» Supplied material:
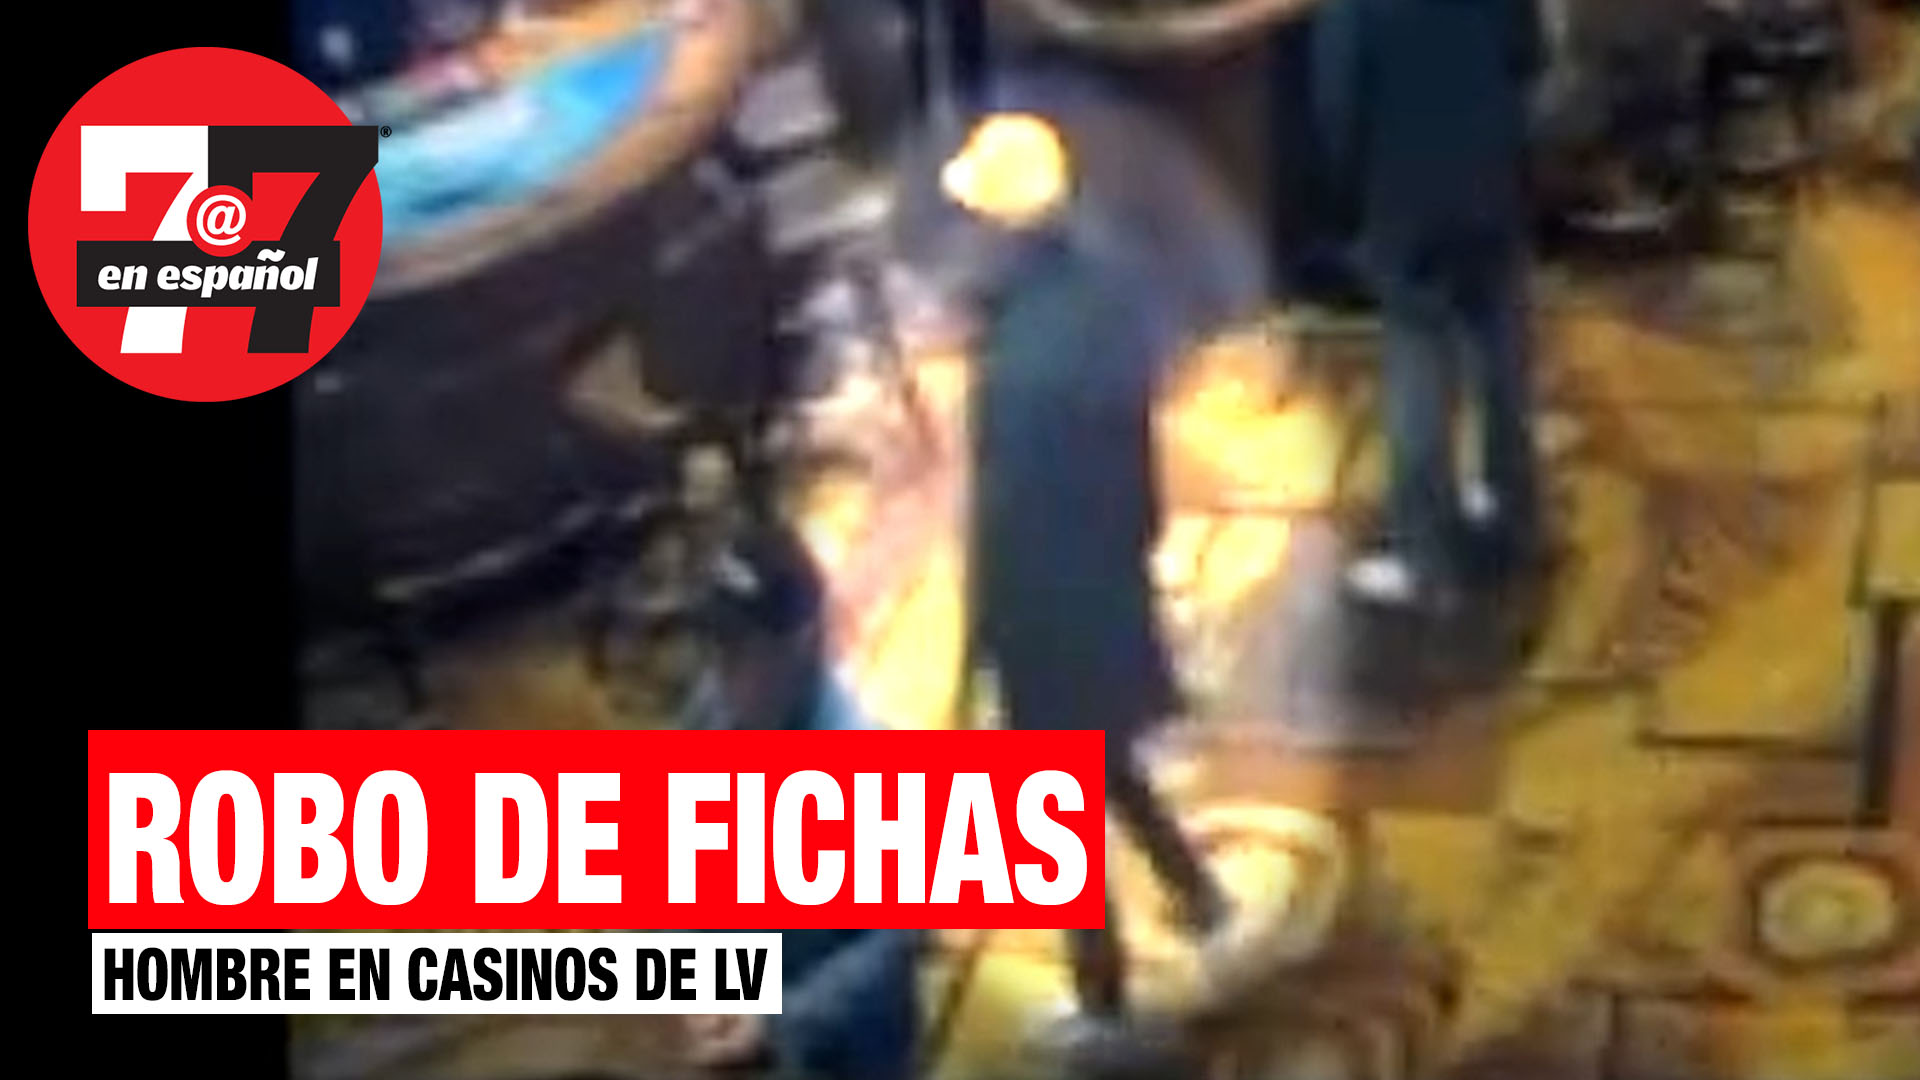 Noticias de Las Vegas | Video muestra a hombre robando mesas de casinos en Las Vegas
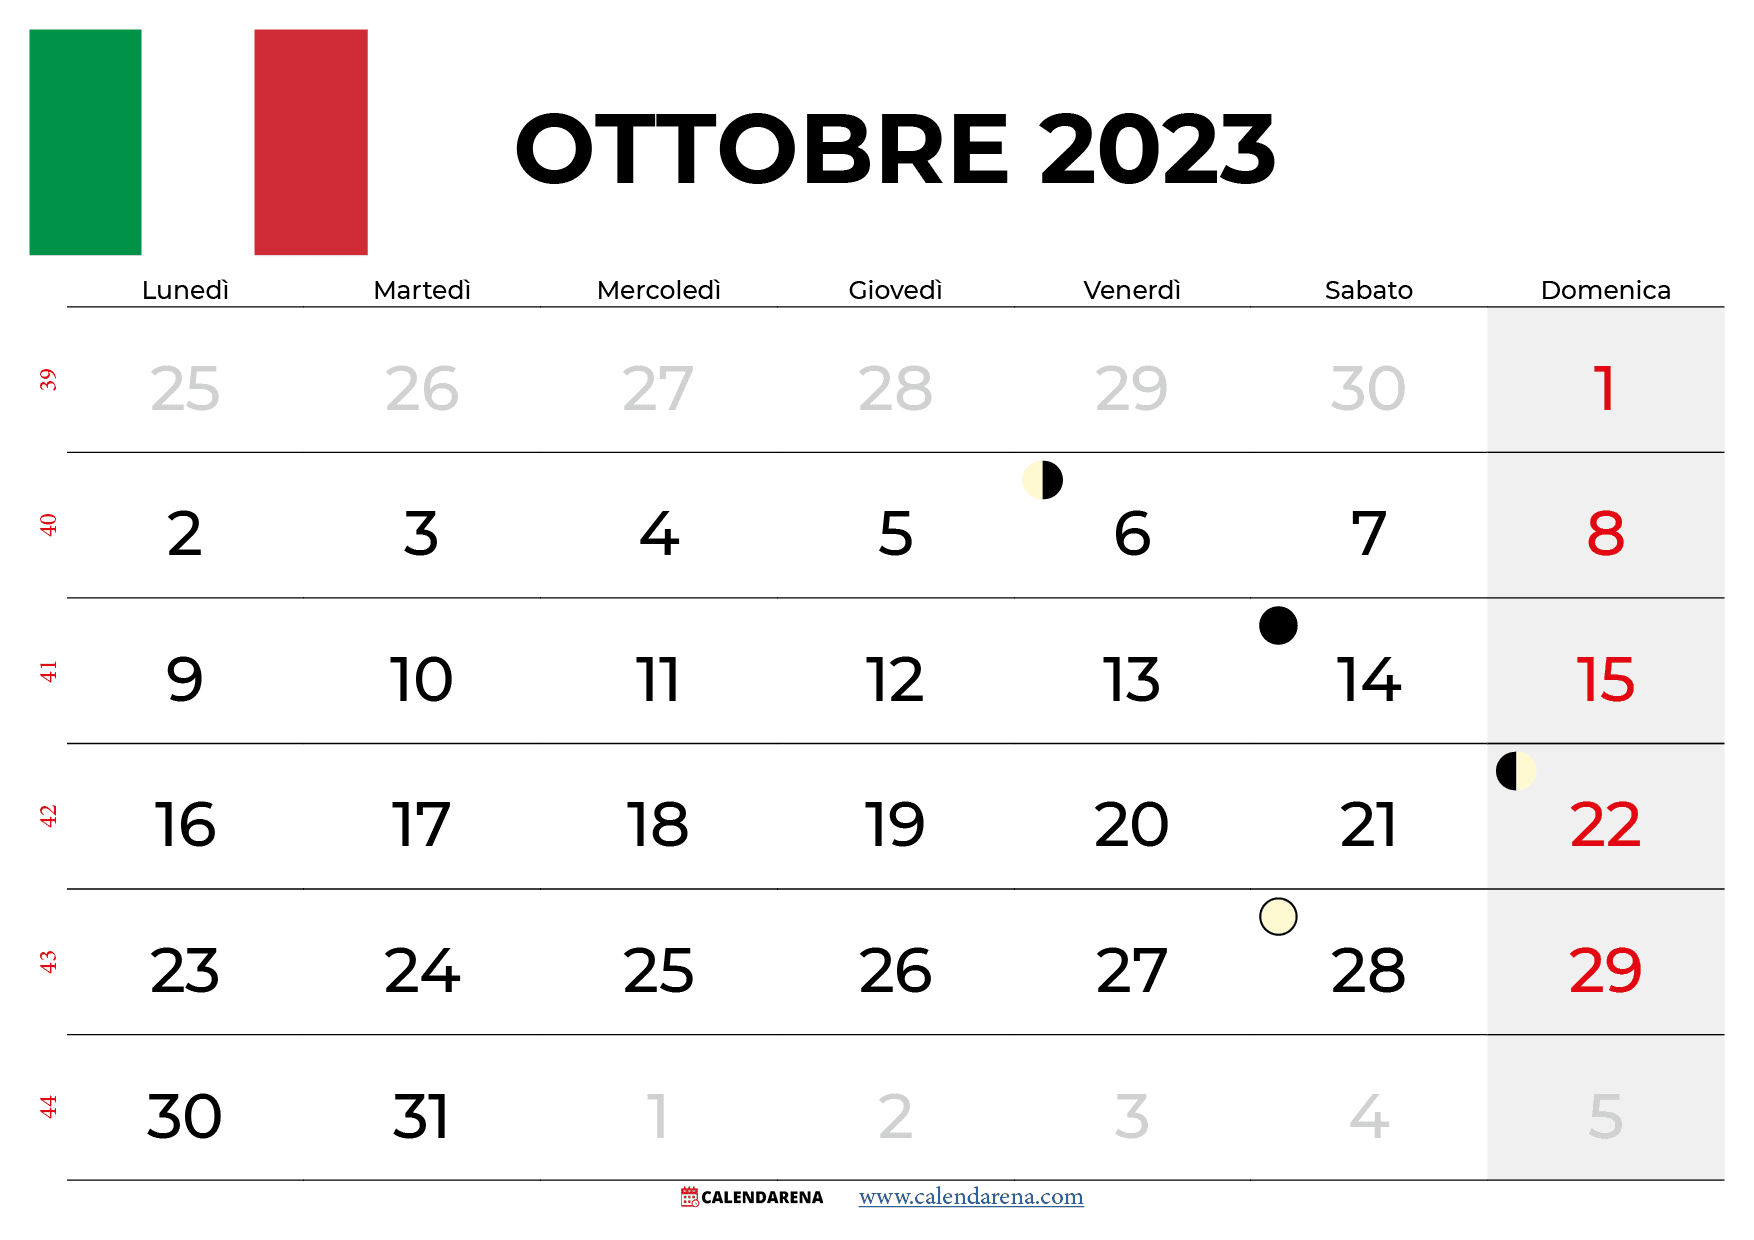 calendario ottobre 2023
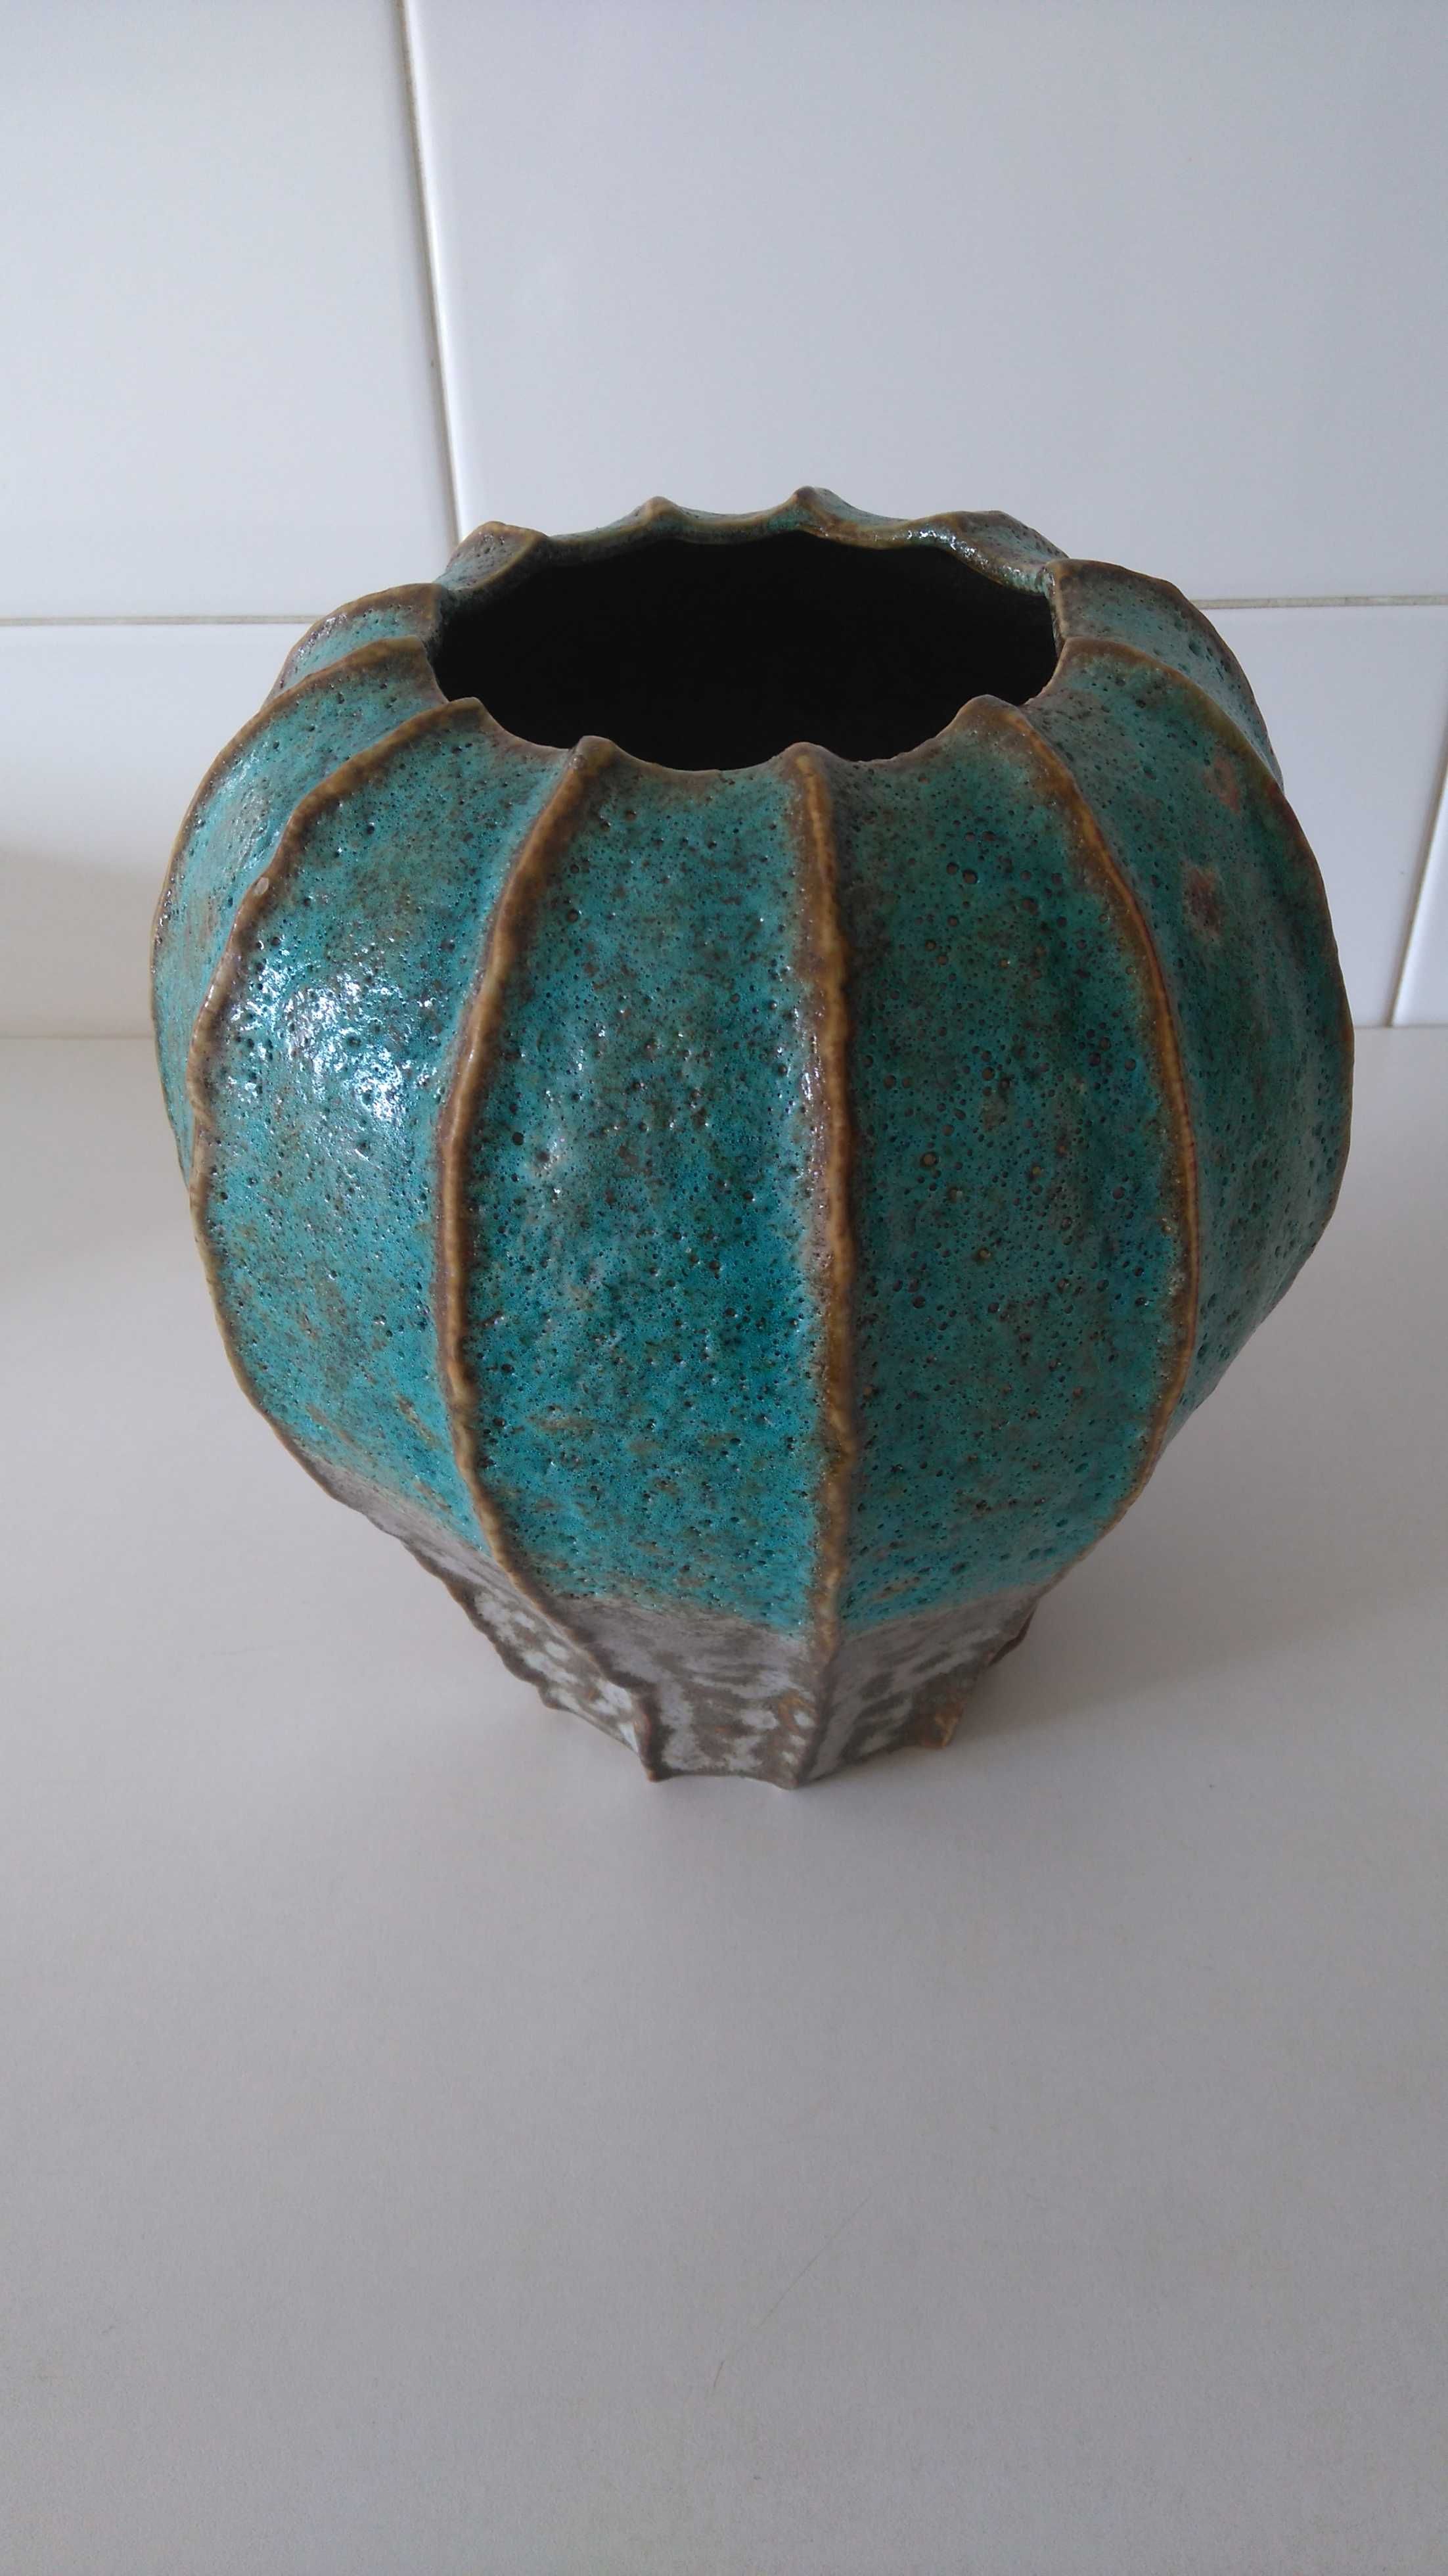 Vaso cerâmica decoração 25cm LAREDOUTE NOVO

» Activity: Copy out the full material exactly. Pictures should not appear in it.

» Solution for this problem:
 Noticias de Las Vegas | Video muestra a hombre robando mesas de casinos en Las Vegas
 calendario ottobre 2023
 Vaso cerâmica decoração 25cm LAREDOUTE NOVO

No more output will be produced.